MACA report: Iqaluit still in trouble
A report done by municipal inspectors from MACA says the Town of Iqaluit’s administration is still beset with the problems that caused the 1993 firing of the mayor, council and SAO in 1993.
IQALUIT — Iqaluit Town Council has recently found itself in a position similar to a 1993 council that was booted out of power by the GNWT because it didn’t pay its debts.
“One of the key factors that led to the appointment of a municipal administrator in 1993 was the severe financial problems faced by the Town, including its inability to meet the repayment terms of the debentures payable to the GNWT,” states a recent report done by inspectors from the Department of Municipal and Community Affairs.
Last fall, newly elected Councillors Matthew Spence and Lynda Gunn asked MACA to investigate and evaluate the Town’s administration.
“Because we were so new, we wanted to take a look at the administration and get a third-party, unbiased view of how the administration is running,” Spence explained.
MACA inspectors began their investigation with outstanding commitments made by the previous council, elected in the wake of the dissolution of the 1993 council and the one-year administration of the Town by government-appointed municipal administrators in 1994.

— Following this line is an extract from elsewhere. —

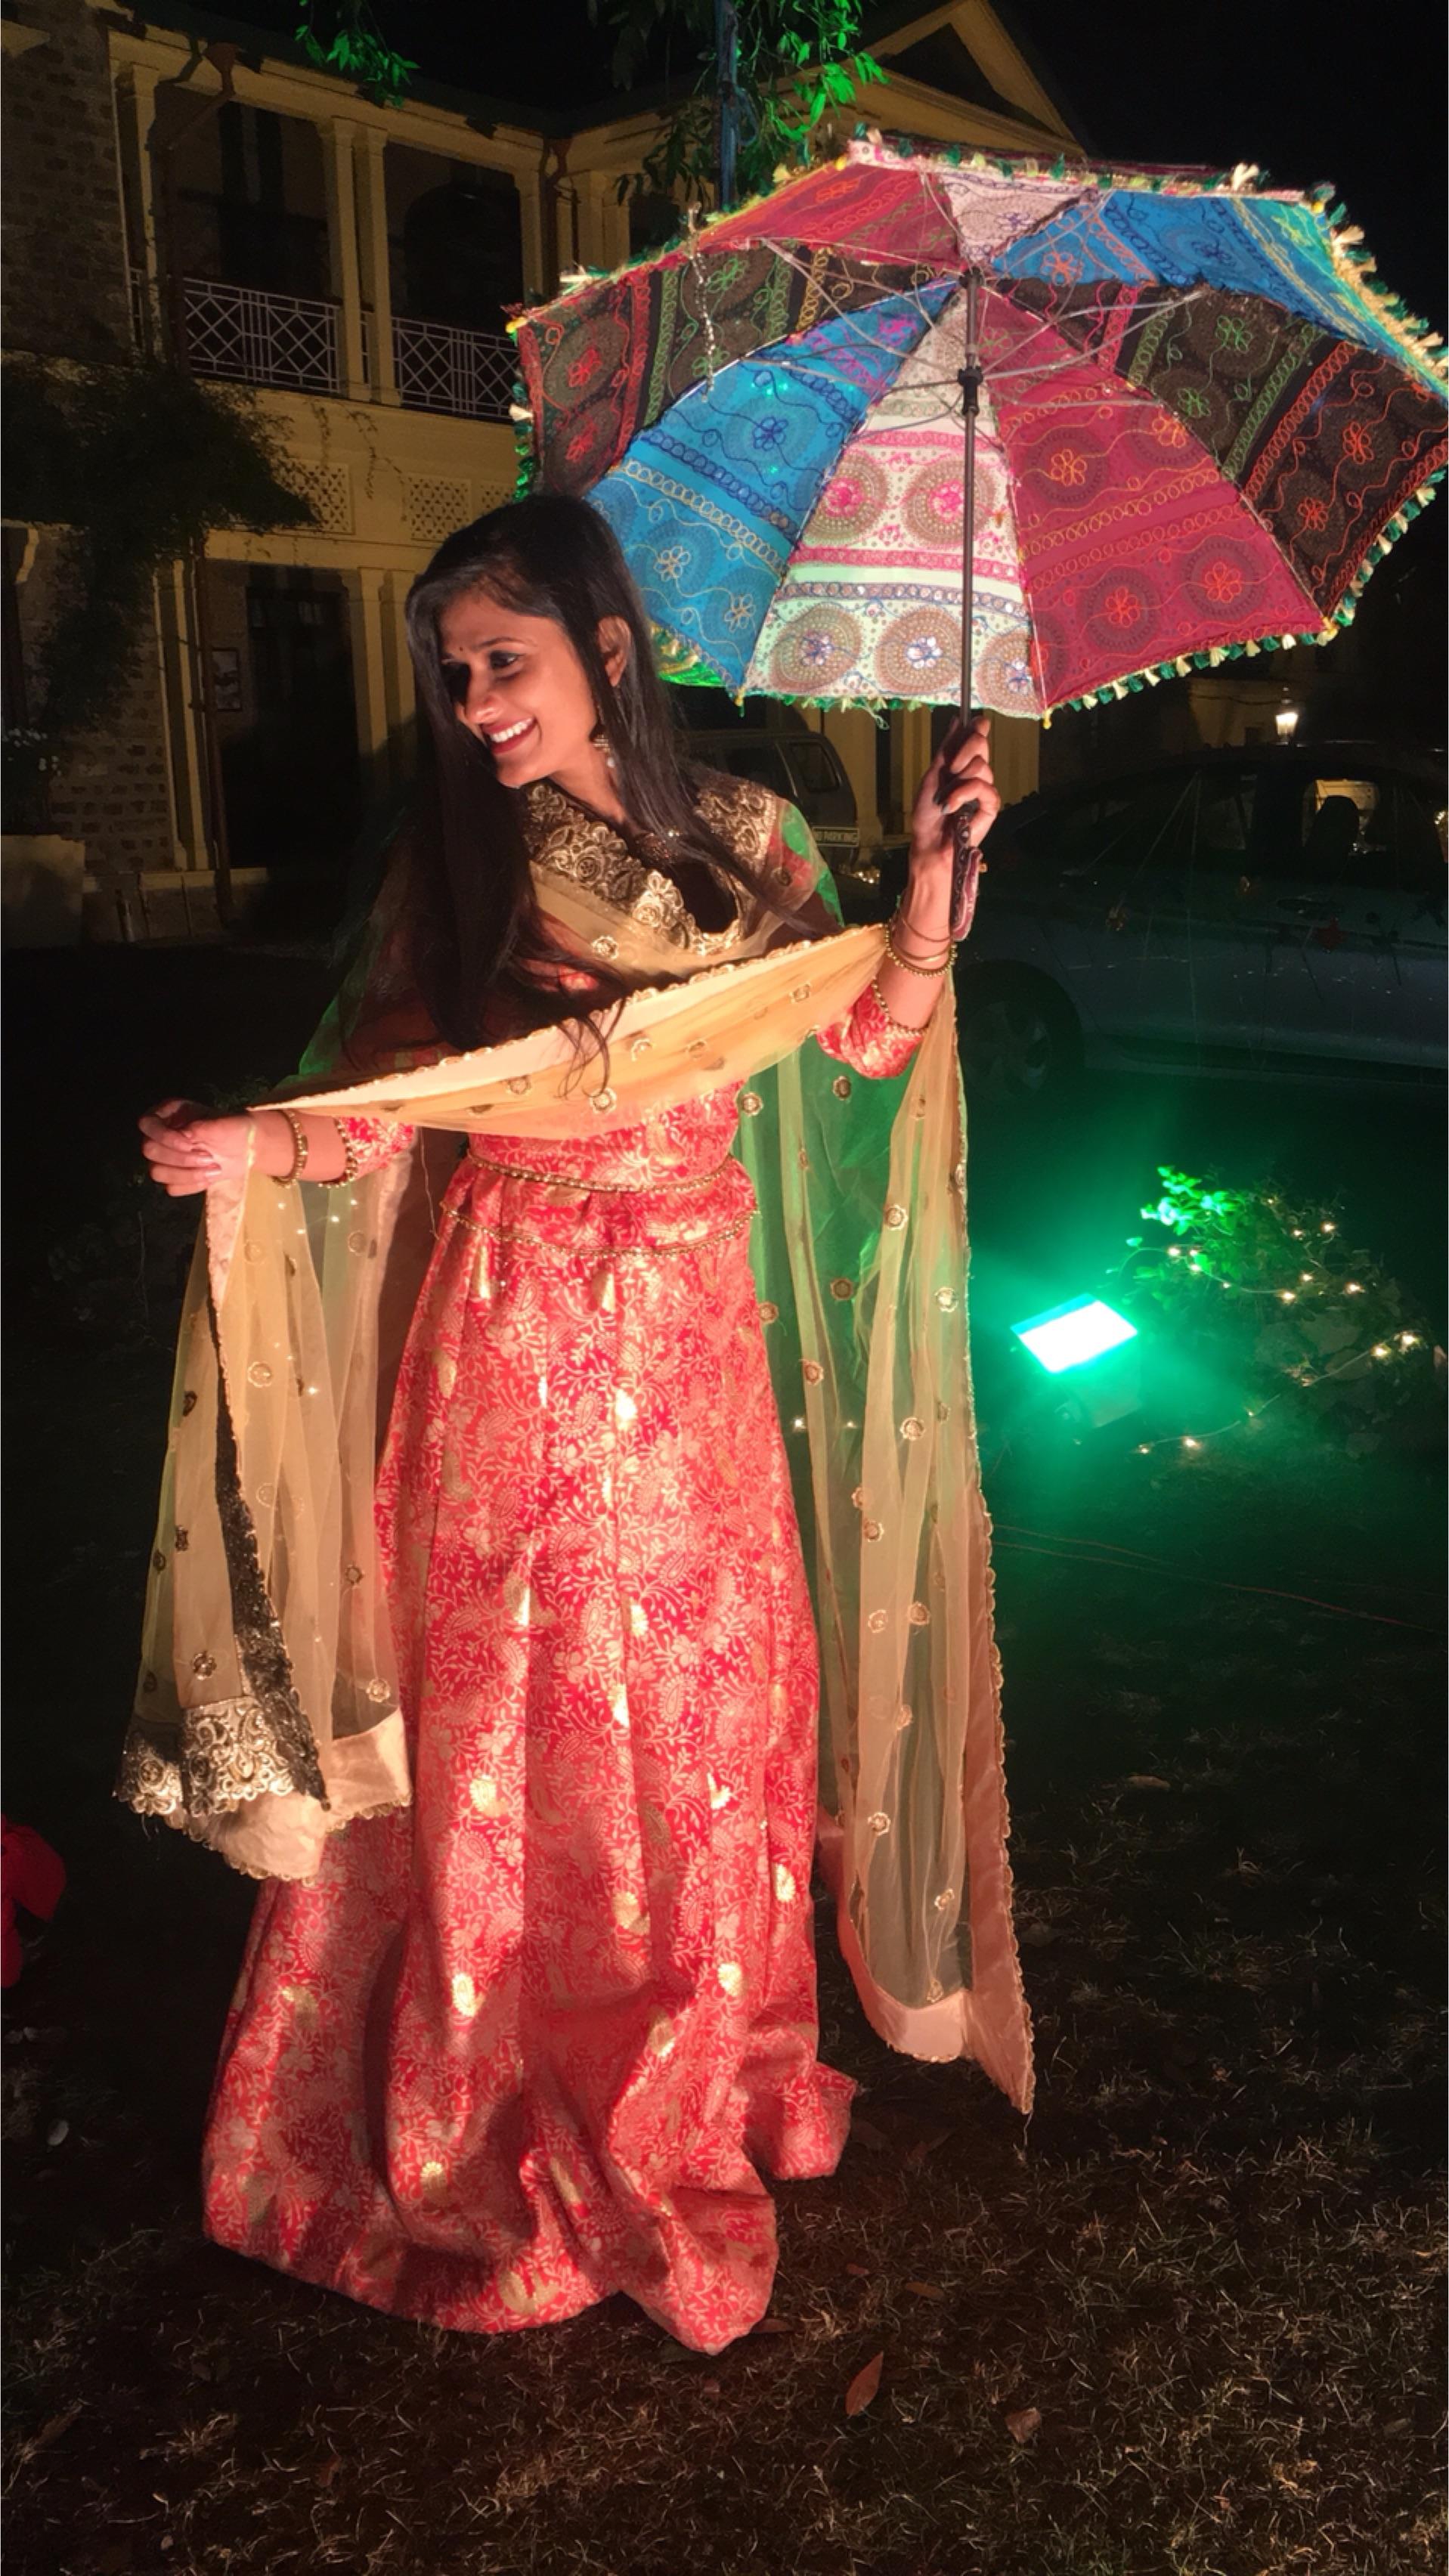 #weddingseason #ethnic-wear #fashionbloggerindia #lehenga #golden #red #roposo #roposo-style

“The Town is at a pivotal point in its emergence from a municipal administrator,” states the report. “Some good progress has been made since 1994, but some of the concerns that were in existence in 1994 still exist.”
The report covers financial management, human resources management and general administration by the Town’s administration during the 1997 calendar year.
Unpaid debentures until December
At the end of 1996, the Town had about $4.2 million in outstanding long-term debentures owing to the GWNT. These debentures are loans from the territorial government to the municipality.
The Town has one fixed debenture payment; the others are land development debentures tied to revenue collected through land sales and leases. Under the repayment terms, the Town is legally bound to forward its lease revenues to the GNWT.
As of Dec. 19, 1997, when the report was completed — it was tabled at a council meeting last week — the Town had made no debenture payments for revenue collected during 1997.
MACA inspector Don MacDonald, one of the authors of the report, briefed Spence and Gunn on the financial position of the Town prior to Christmas.
“At that point we were very concerned about the situation because, technically, we were in default and in exactly the same position as that previous council,” Coun Spence said.
“Certainly that was a concern to me as a councillor and it was a concern to some of the other councillors, but I think at this point, the problem’s been solved, at least for now. The payments have been made.”
Debenture payments now made
By the end of December, the Town had made a debenture payment to the GNWT of more than $600,000. Another payment of about $33,000 was made in February.
Spence blames part of the Town’s failure to keep up on payments on the change in senior staff. Both the senior administative officer and the director of finance have held their positions less than two years.
“It was largely due to a lack of good record keeping and the fact that a number of positions had turned over during that period,” Spence said. “For some of the loan agreements, there wasn’t even copies at the Town office.”
But the staffing situation hasn’t improved. And, in the short term, it’ll get worse.
SAO and social services director leaving
Sara Brown, the town’s senior administrative officer, announced she’s leaving at the end of March, along with Roger Sevigny, the acting director of social services.
“It is going to leave the Town in a bad spot,” Spence said.
To deal with the absence of an SAO, two councillors and the mayor will sit on an executive committee. Someone will also be appointed to the job on an interim basis.
“In the transitional period, we’re going to be more actively involved in the day-to-day administration of the Town,” Spence said.
Inspectors outlined a number of recommendations to deal with administration deficiencies and state in the report that MACA will monitor the Town “very closely to ensure that real progress is made.”